Finally, we clarified the effect of lipotoxic HC exosomes on recipient cells (activated HSCs). To identify the major recipient cells of Exo-PA (exosomes derived from LO2 cells treated with PA), red immunofluorescence (IF) of the PKH26-labeled exosomes was examined in primary hepatic cells, including PHCs, quiescent primary HSCs (PHSCs) (1-day culture), activated PHSCs (7-day culture), and primary Kupffer cells (PKCs). After 6 h of incubation, the relative amount of PKH26-labeled Exo-PA was highest in activated PHSCs, followed by quiescent PHSCs, PKCs, and PHCs (red IF value for PKH26/4′6-diamidino-2-phenylindole (DAPI); PHSC-1d versus PHC: a 2.95 ± 0.25 increase, PHSC-7d versus PHC: a 6.81 ± 0.14 increase; Figure 1E). This indicates that lipotoxic HC exosomes were efficiently and rapidly taken up by activated PHSCs in a time-dependent manner. Given that miR-27a was primarily expressed in lipotoxic HC exosomes, these structures might play a critical role in transferring miR-27a from HCs to activated HSCs. Next, we examined whether Exo-PA could directly affect miR-27a expression in activated HSCs. miR27a expression was very low in control LX2 cells (CN group) and activated LX2 cells (treated with TGF-β1) incubated with exosomes from untreated LO2 cells (Exo-CN group, Figure 1F). Interestingly, Exo-PA dose dependently increased miR-27a levels in activated LX2 cells (Exo-PA 25–200-μg groups, p < 0.05; Figure 1F). However, Exo-PA derived from miR-27a-inhibited LO2 cells (LO2 in-miR group) could not elevate miR-27a levels in activated LX2 cells (Figure 1G). This suggests that lipotoxic HC exosomes were the source of miR-27a and that these structures transmitted exosomal miR-27a to recipient-activated HSCs.

Lipotoxic HC-exosomal miR27a was identified to negatively regulate PINK1 in HSCs

miR27a is known to participate in the pathogenesis of Parkinson's disease by impairing mitochondrial functions through targeting of PINK1.⁹ PINK1 has also been reported as an important regulator of MAFLD and liver fibrosis.⁶^,10, 11, 12 Sequence alignment indicated the presence of a miR-27a binding site in the 3′ UTR of wild-type (WT) PINK1 (Figure S4B). As expected, PINK1 mRNA and protein levels were significantly suppressed in LX2 cells overexpressing miR27a (mimic miR27a and mi-miR27a) and clearly increased in LX2 cells with miR27a inhibition (in-miR27a), regardless of TGF-β1 treatment (Figures 2A and 2B). PINK1 mRNA and protein levels were also clearly reduced in LX2 cells (±TGF-β1) incubated with Exo-PA (Figure 2C). However, the levels were not different when activated LX2 cells were incubated with Exo-PA derived from in-miR27a LO2 cells (Figure 2D). Furthermore, mi-miR27a significantly reduced the mRNA stability of PINK1 in activated LX2 cells (Figure 2E). To determine the potential role of miR-27a in regulating PINK1 expression and activity, luciferase reporters containing the WT or mutant PINK1 3′ UTR were constructed and in combination with mi-miR27a or in-miR27a used to cotransfect activated LX2 cells. mi-miR27a significantly inhibited the luciferase activity of WT PINK1 (Figure 2F). These results indicate that PINK1 is the key target of lipotoxic HC-exosomal miR-27a in activated HSCs.

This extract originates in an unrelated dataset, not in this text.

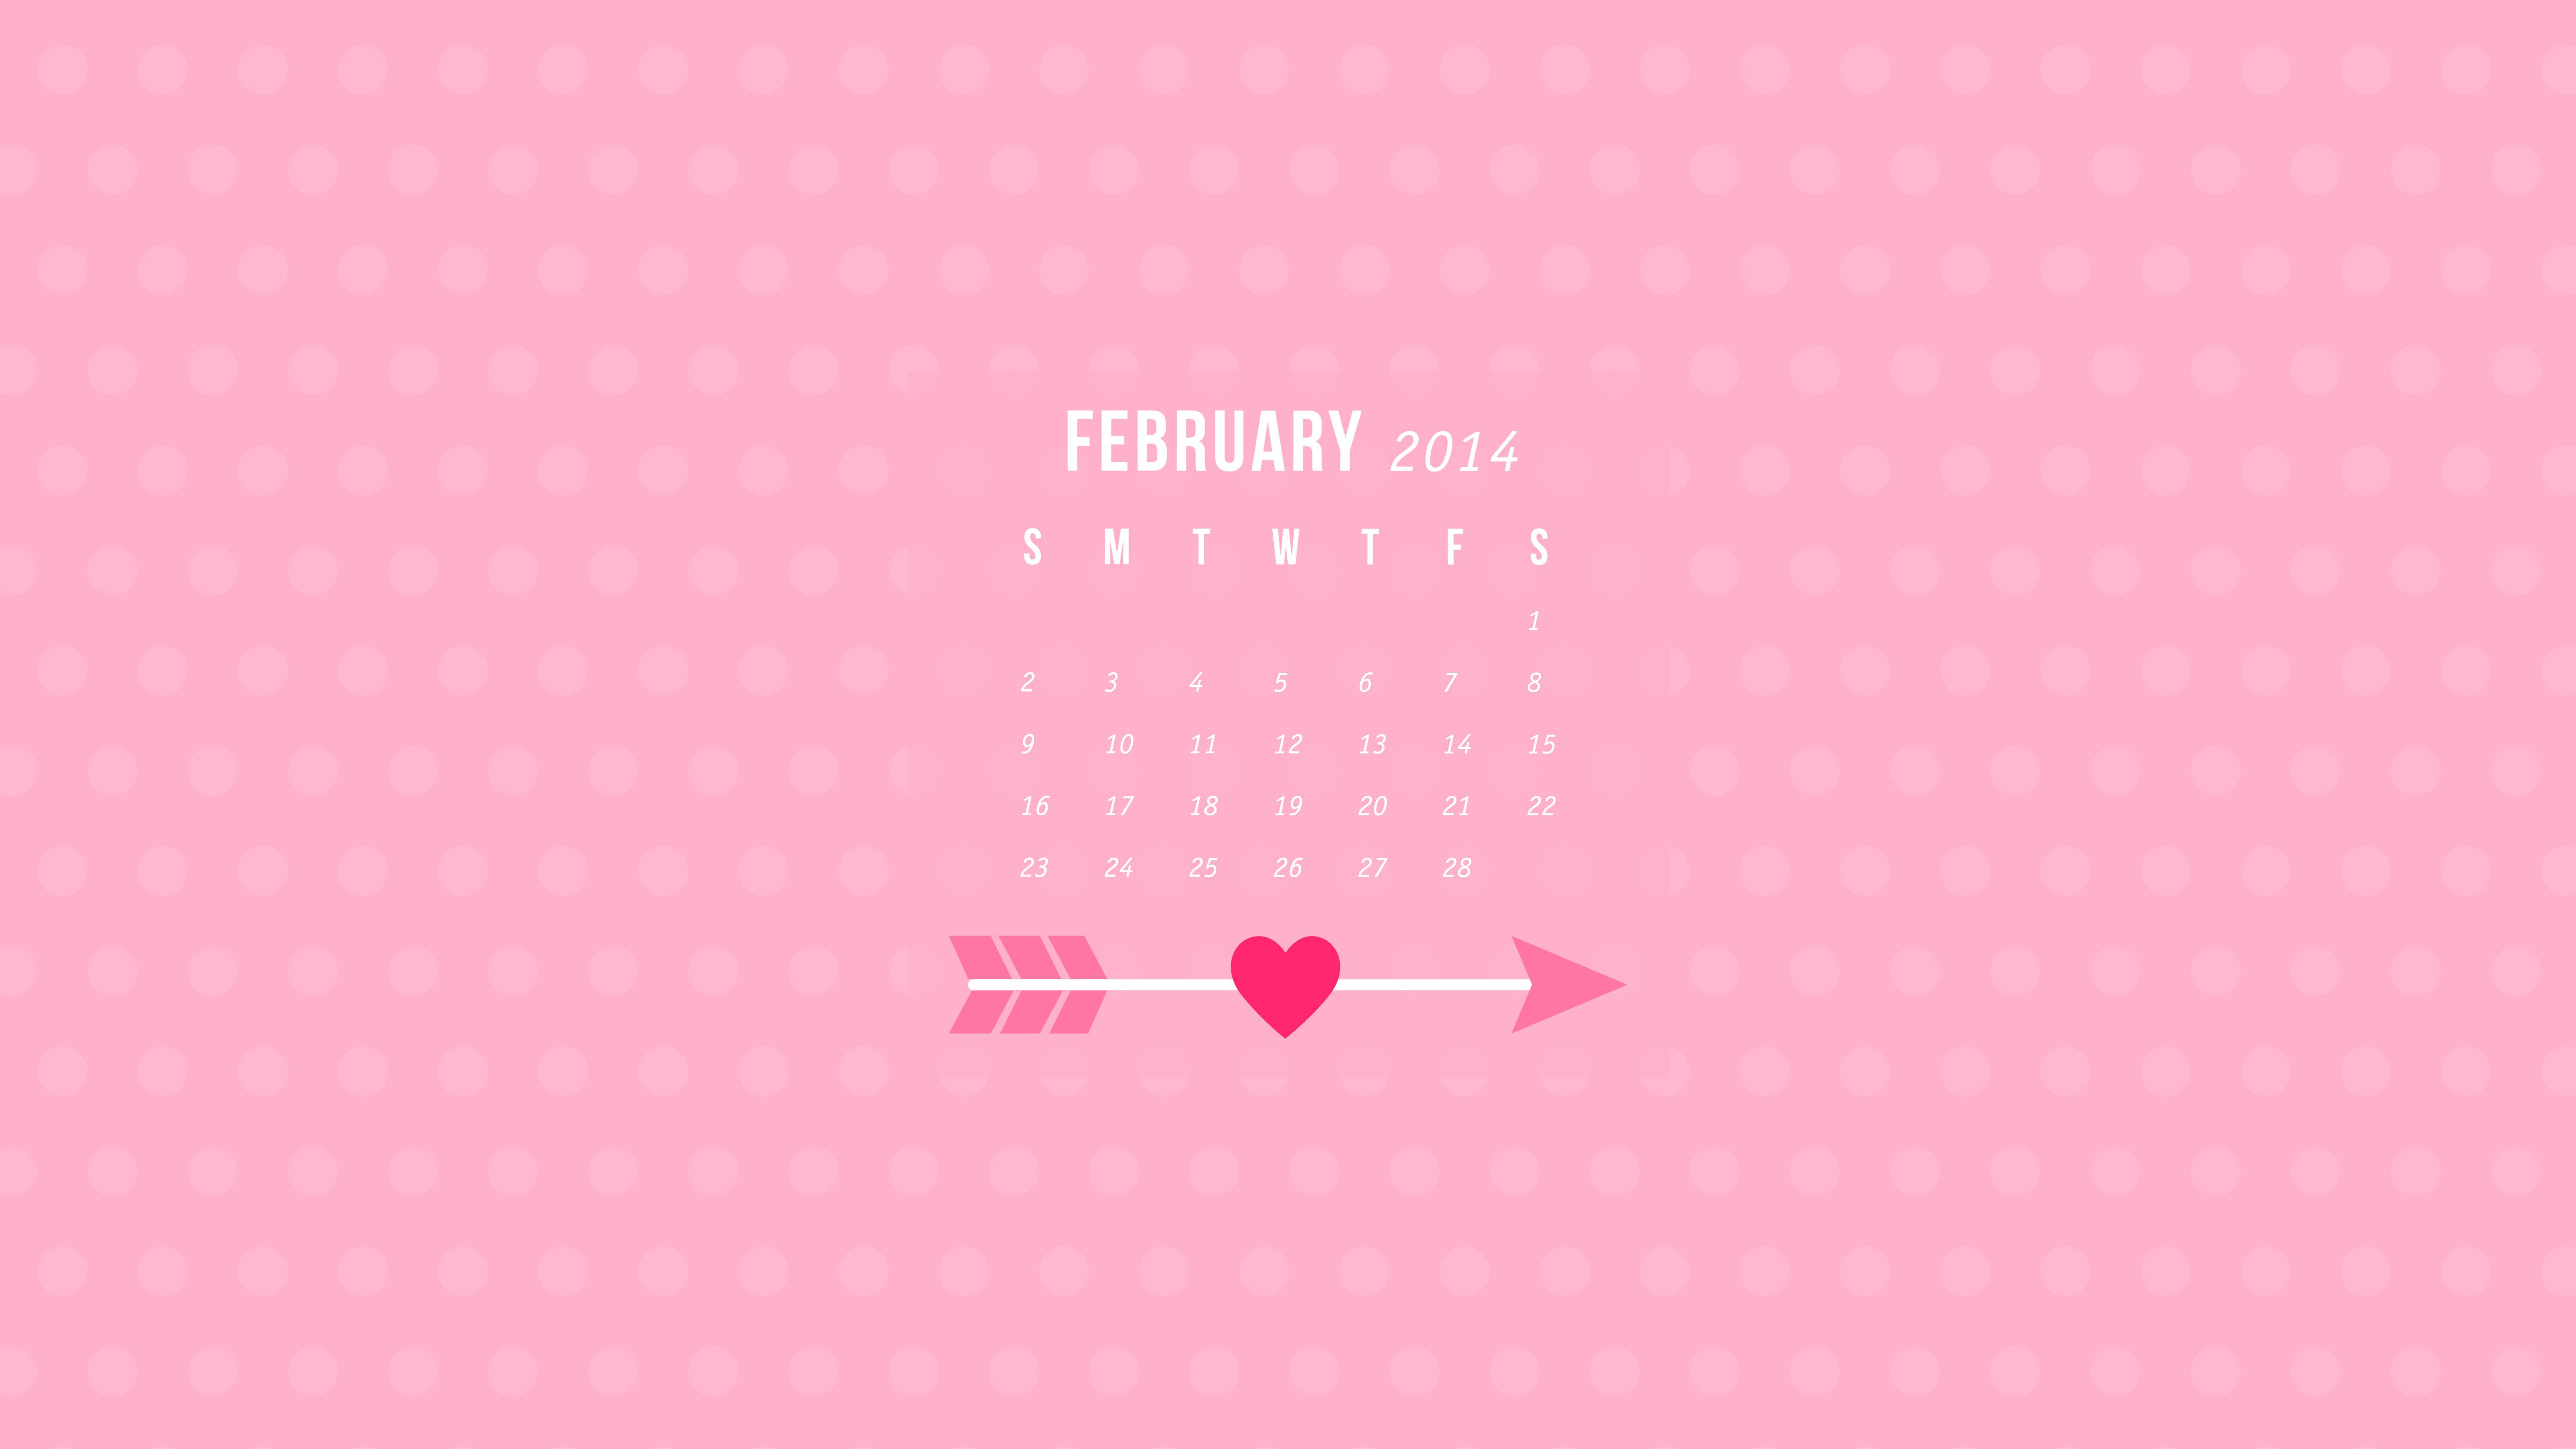 Feb_2014_2560x1440_cal

Lipotoxic HC-exosomal miR27a negatively regulated PINK1 in HSC

PINK1 mRNA and protein levels were measured in LX2 cells transfected with mi-miR/in-miR ± TGF-β1 (A and B), LX2 cells incubated with Exo-CN/Exo-PA ± TGF-β1 (C), and activated LX2 cells incubated with Exo-CN/Exo-PA from LO2 cells transfected with in-NC/in-miR (D). (E) LO2 cells were transfected with mi-NC or mi-miR27a for 24 h before the addition of actinomycin D (5 μg/mL; time 0). Total cellular RNA was extracted at 0, 0.25, 0.5, 1, and 2 h after treatment with actinomycin D. Relative mRNA levels of PINK1 at different time points were determined by qPCR and compared with those at time 0. (F) LX2 cells were cotransfected with luciferase reporter constructs containing the wild-type or mutant 3′ UTR of PINK1 and miR-27a mimic or inhibitor for 24 h. The relative luciferase activity was normalized to Renilla luciferase luminescence. All quantifications are presented as the mean ± SD, and p values were calculated using an unpaired Student's t test. Statistical significance: ∗p < 0.05, compared with (A and B) CN group, (C) Exo-CN group, (D) Exo-CN of LO2 in-NC group, (E) mi-miR at 0 h group, or (F) mi-NC PINK1 wild-type group. #p < 0.05, compared with (F) the in-NC PINK1 wild-type group.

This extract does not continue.